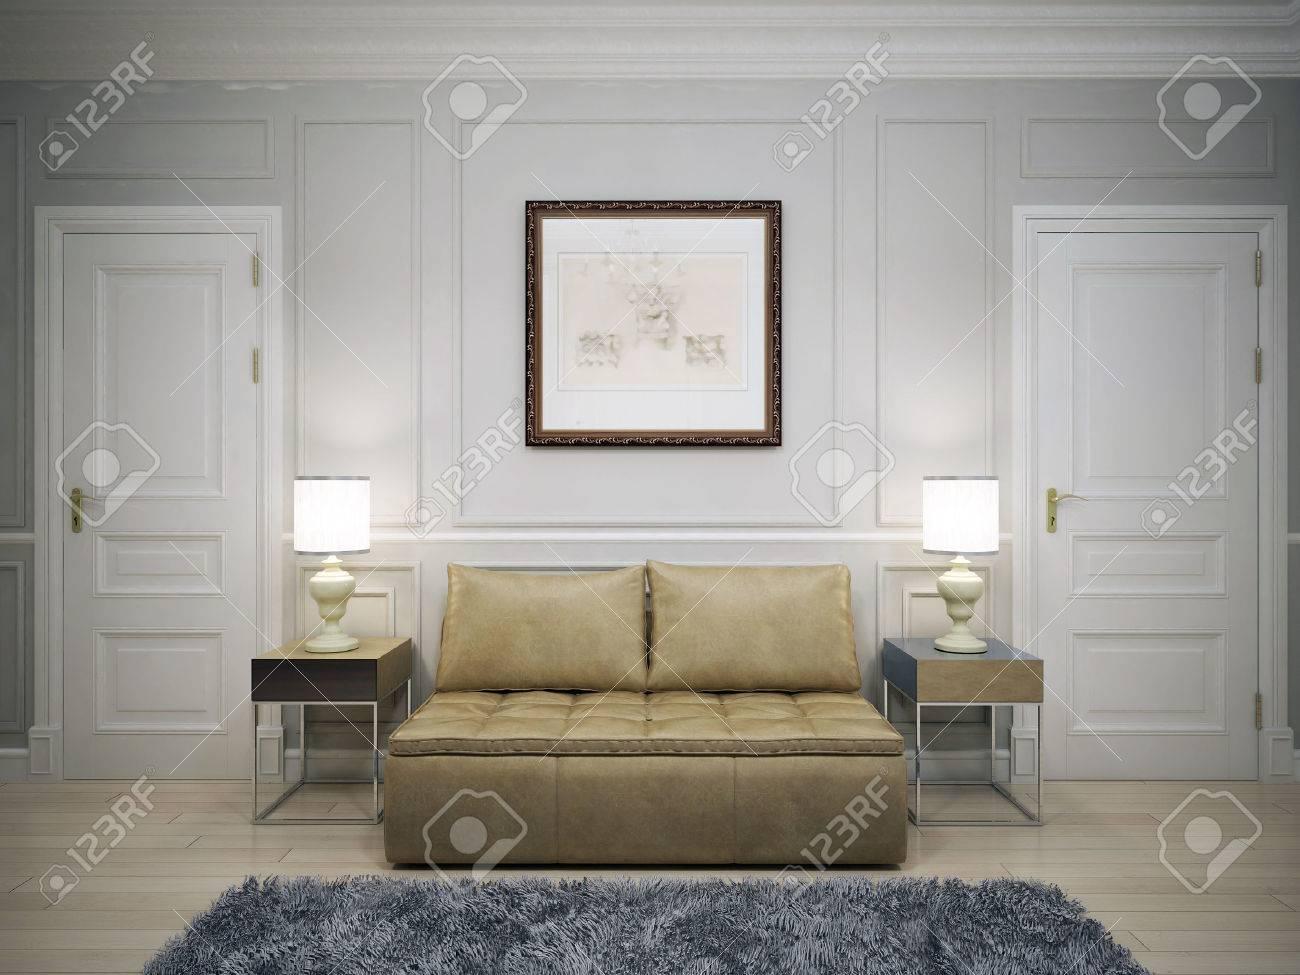 Idée de couloir moderne. 3D render
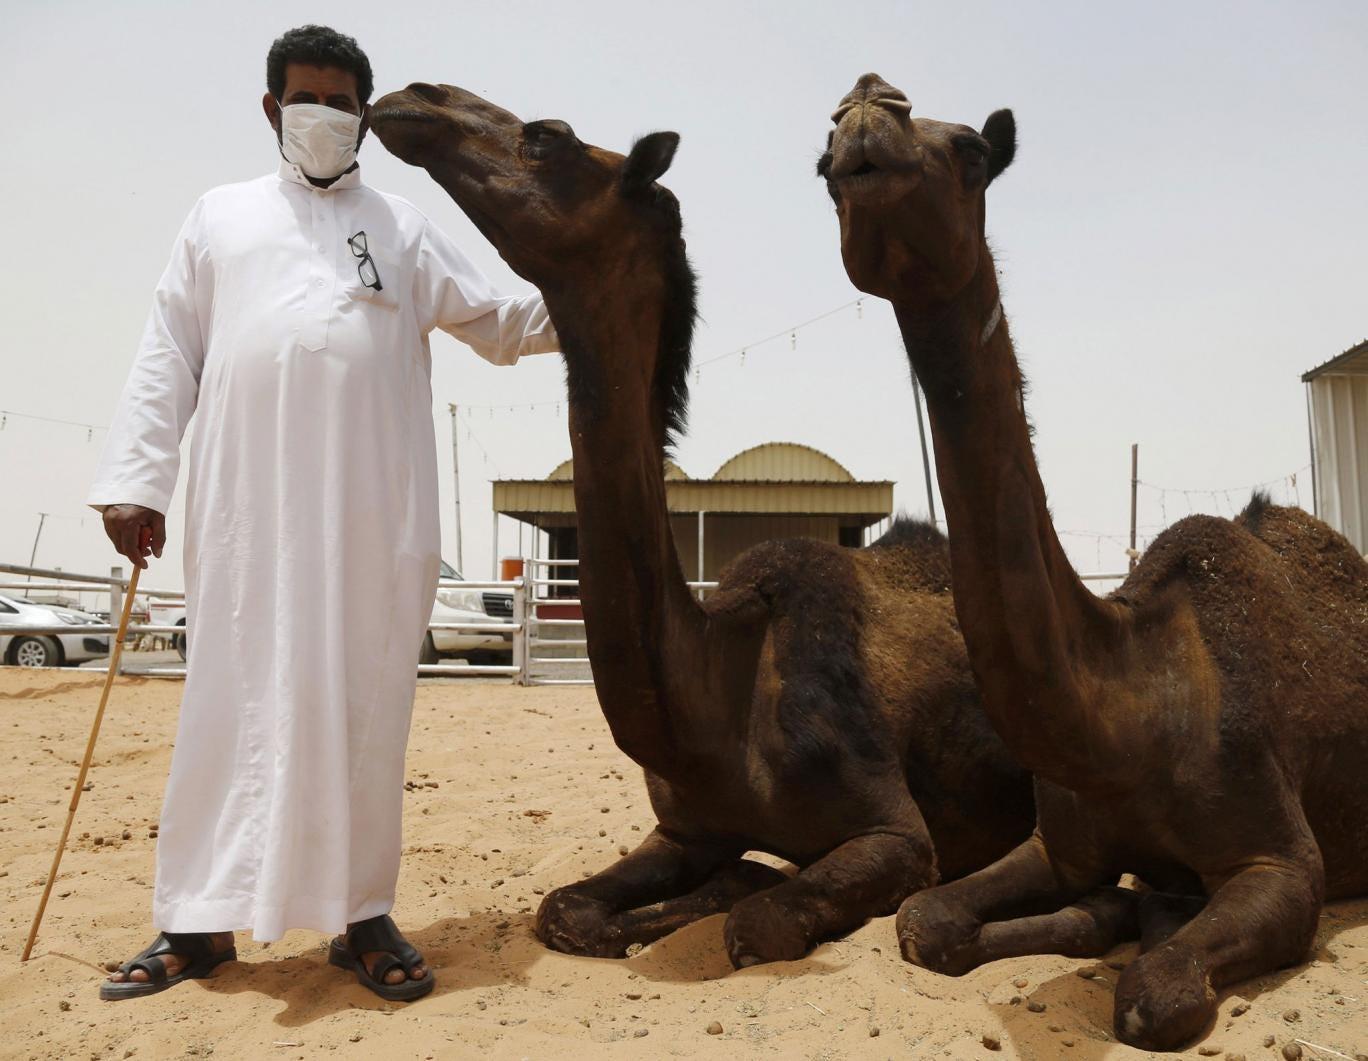 A man wearing a mask at a camel market in the village of al-Thamama near Riyadh on 11 May, 2014
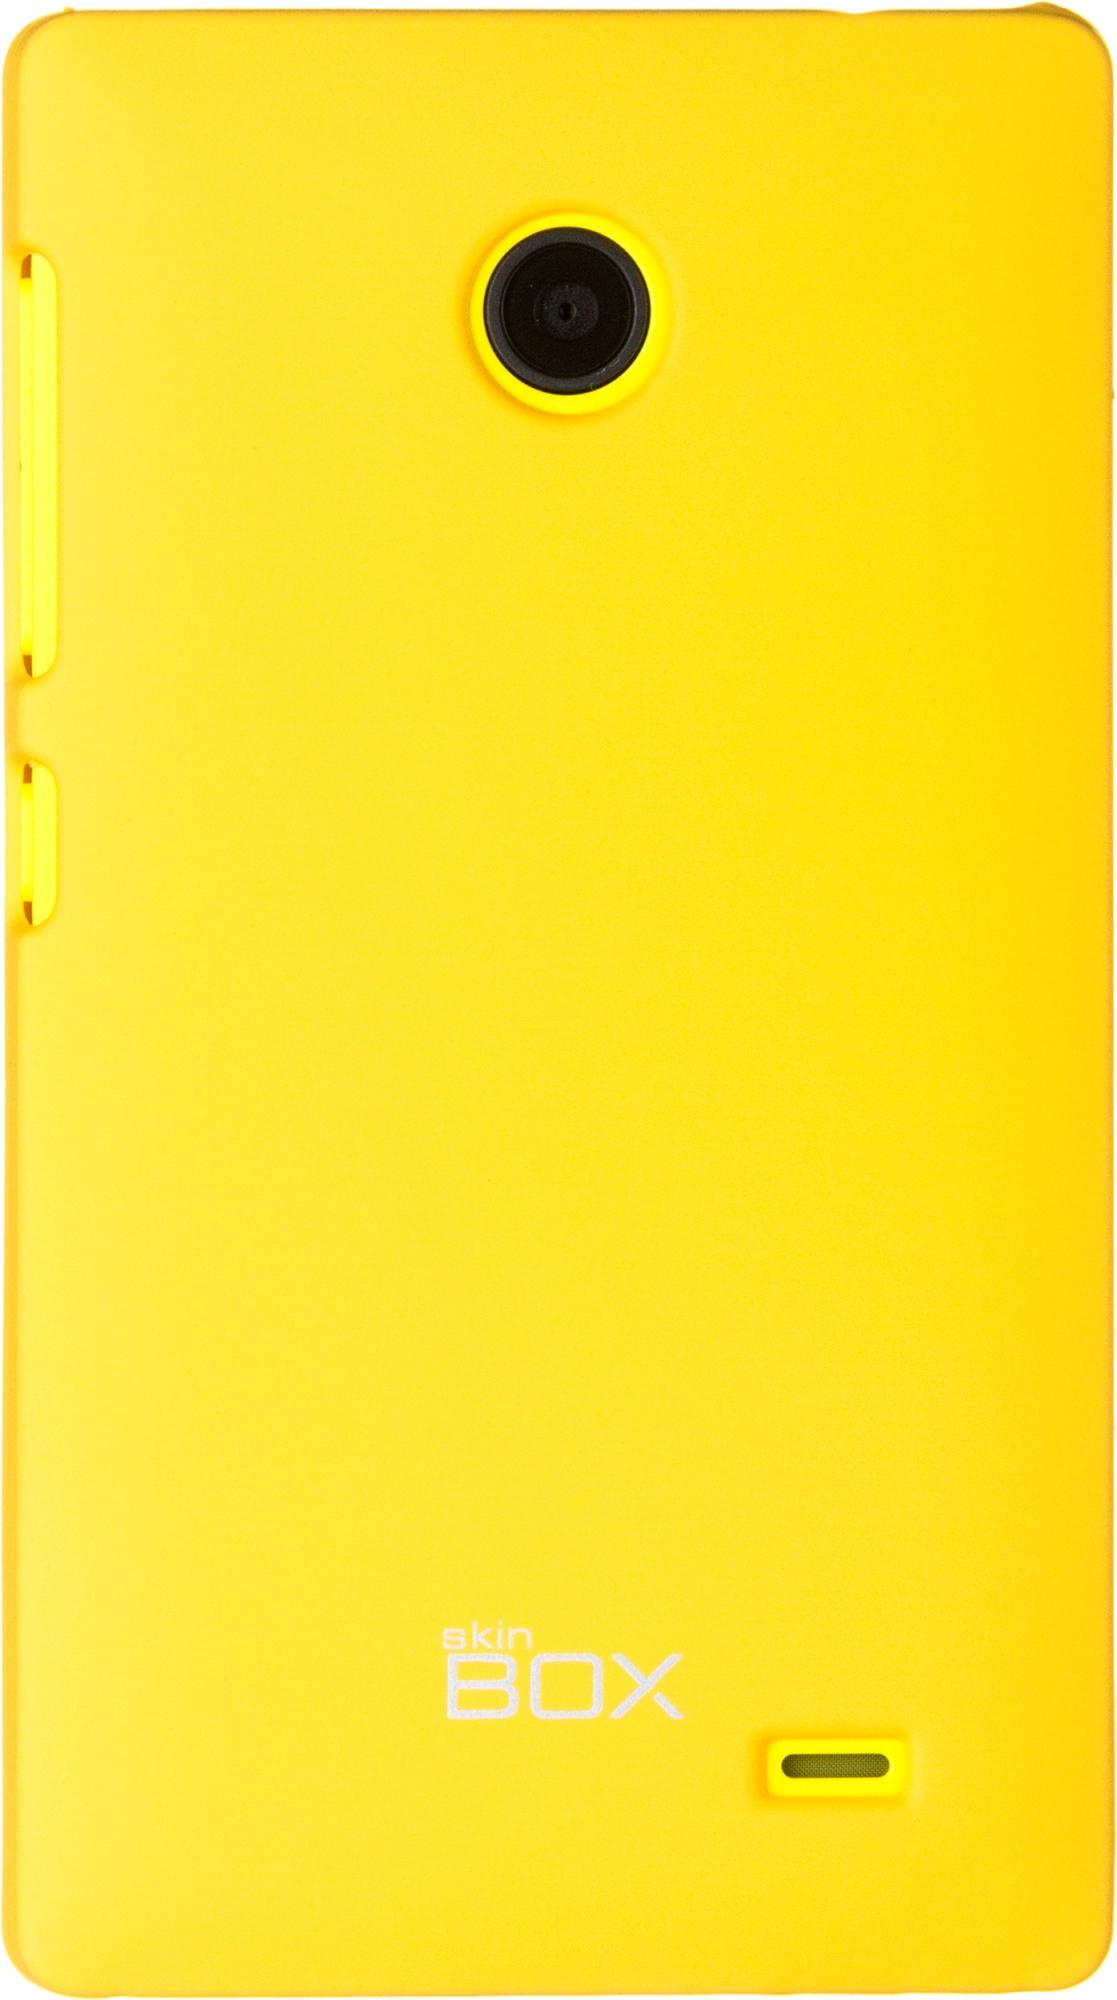 Чехол для сотового телефона skinBOX 4People, 4630042526730, желтый чехол для сотового телефона skinbox 4people 4630042526730 желтый

* * * * * * *

Work to be completed:
No pictures go in the copy. Set down all the data exactly.

Solution to this exercise:
 Idée de couloir moderne. 3D render
 A man wearing a mask at a camel market in the village of al-Thamama near Riyadh on 11 May, 2014
 Чехол для сотового телефона skinBOX 4People, 4630042526730, желтый чехол для сотового телефона skinbox 4people 4630042526730 желтый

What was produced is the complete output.